WHAT TO WORK ON: Once you find the line with "Page 13 of doujinshi 욕정 토끼의 식량 조달 작전" in the listing below, set down exactly every line from it through the line with "Потери живой силы", but no pictures.

DATASET EXCERPTS:

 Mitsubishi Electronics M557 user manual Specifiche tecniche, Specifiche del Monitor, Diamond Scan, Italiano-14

...

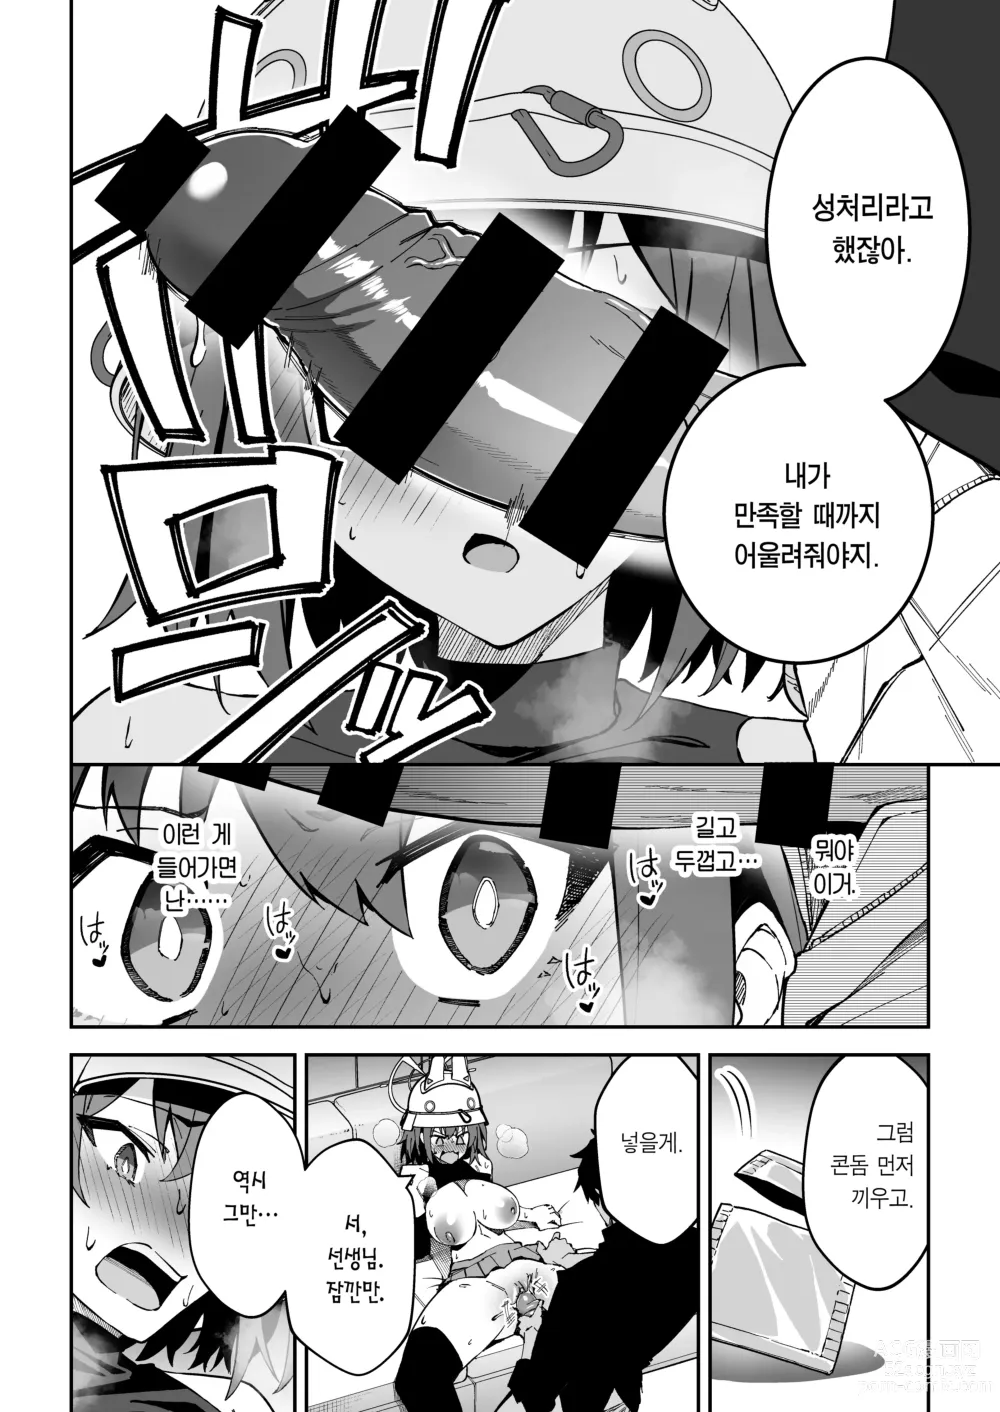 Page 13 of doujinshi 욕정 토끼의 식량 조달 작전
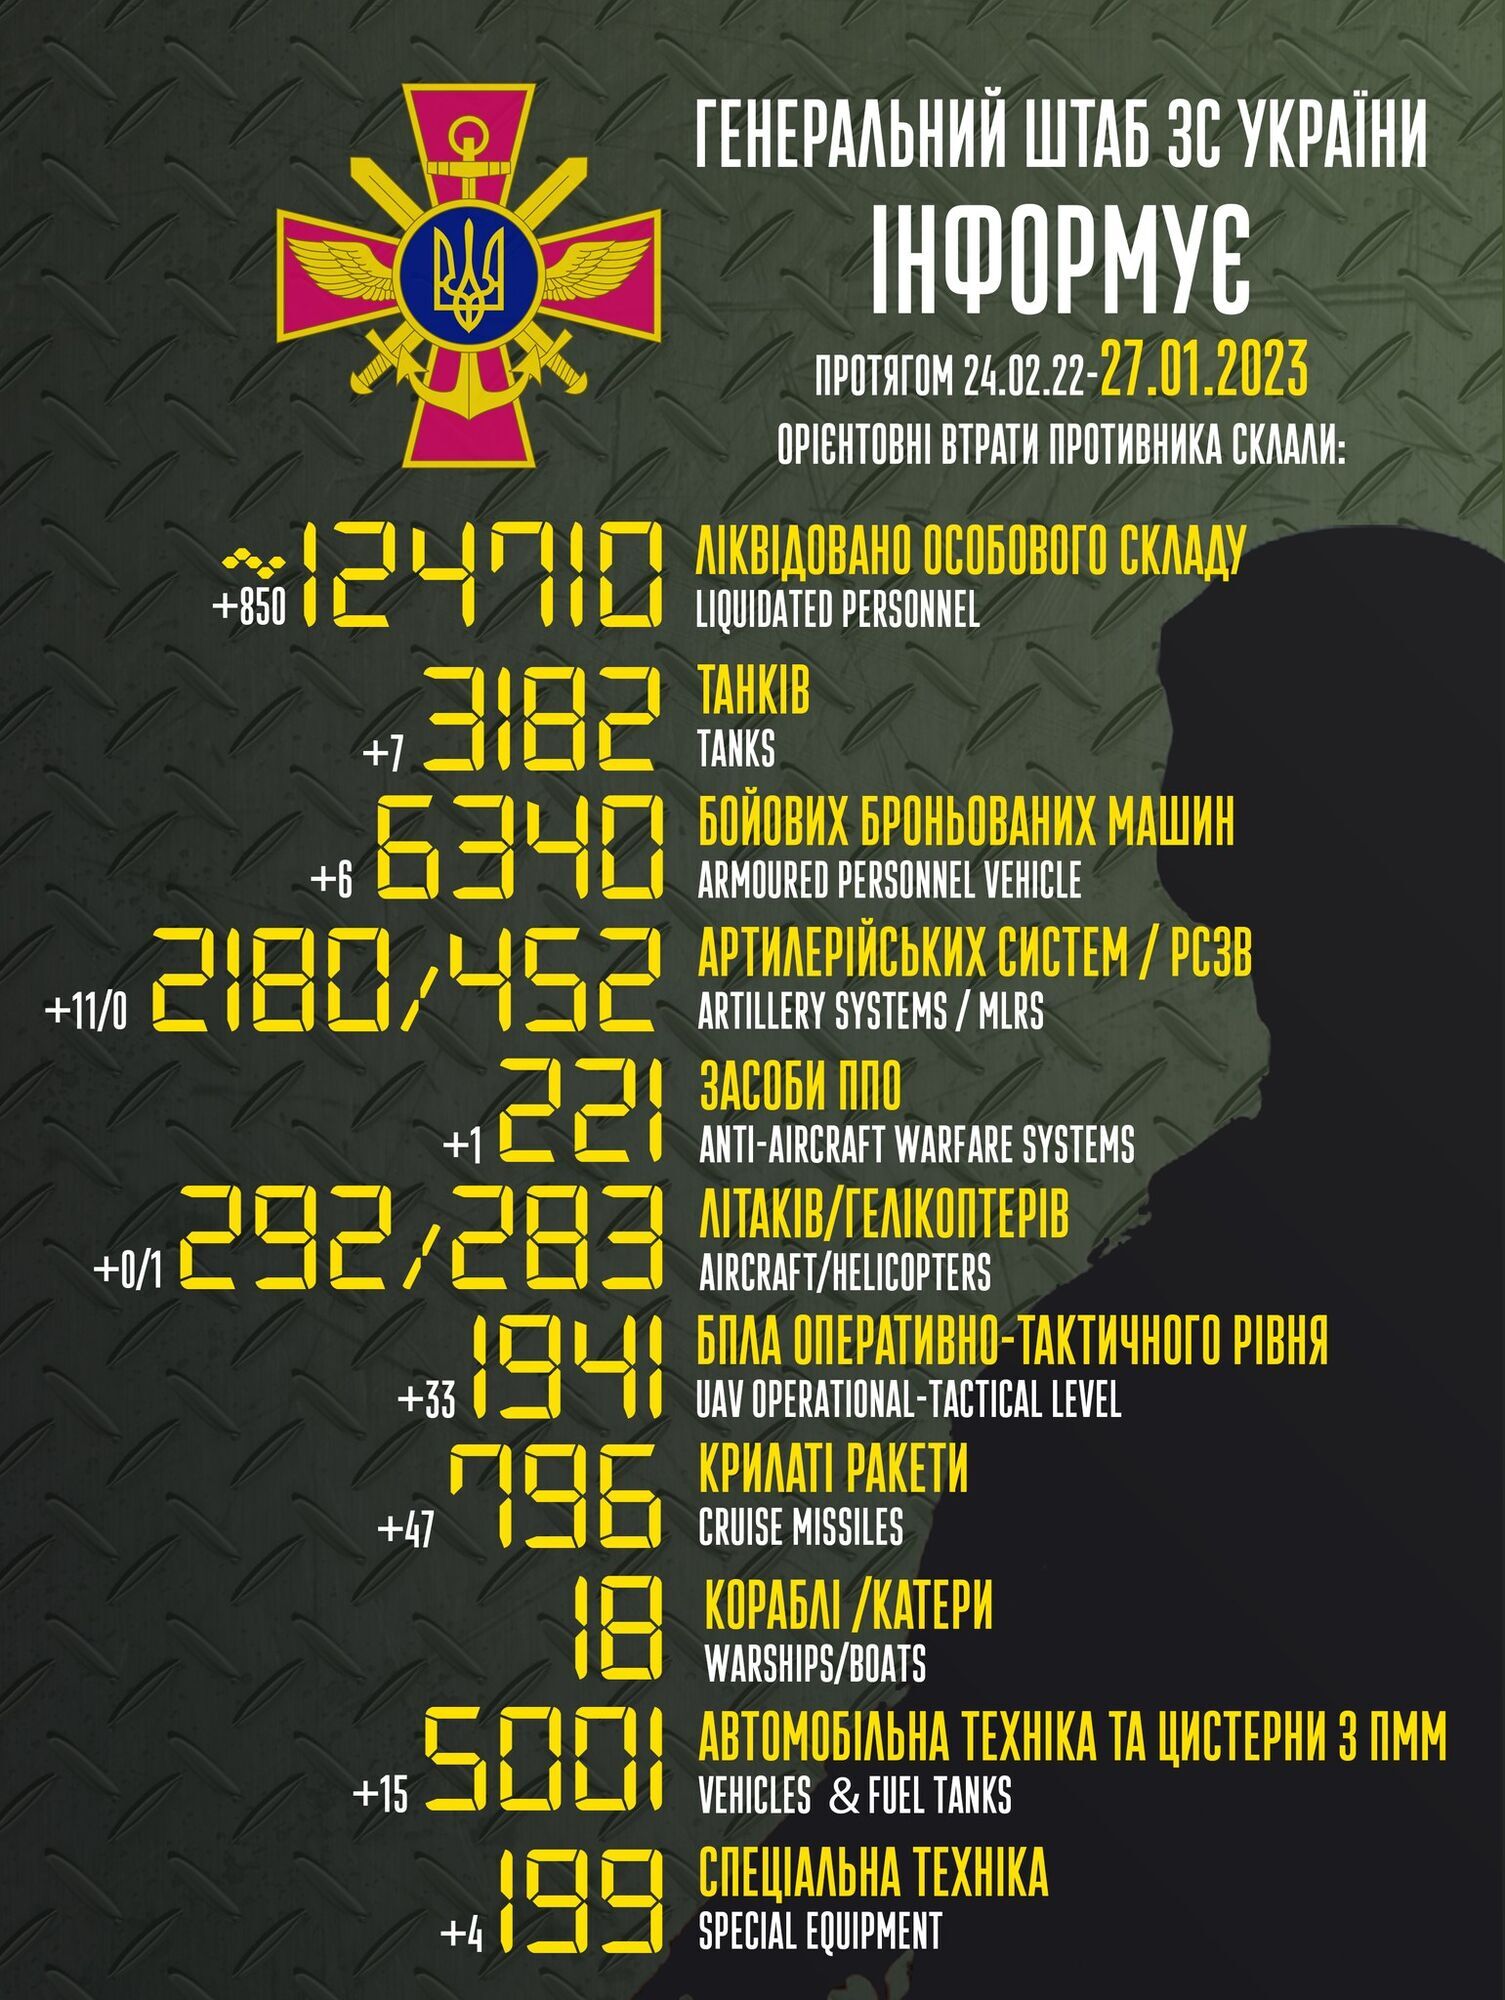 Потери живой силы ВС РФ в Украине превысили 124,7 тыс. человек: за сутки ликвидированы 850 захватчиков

TASK RESPONSE:
 Page 13 of doujinshi 욕정 토끼의 식량 조달 작전
 Потери живой силы ВС РФ в Украине превысили 124,7 тыс. человек: за сутки ликвидированы 850 захватчиков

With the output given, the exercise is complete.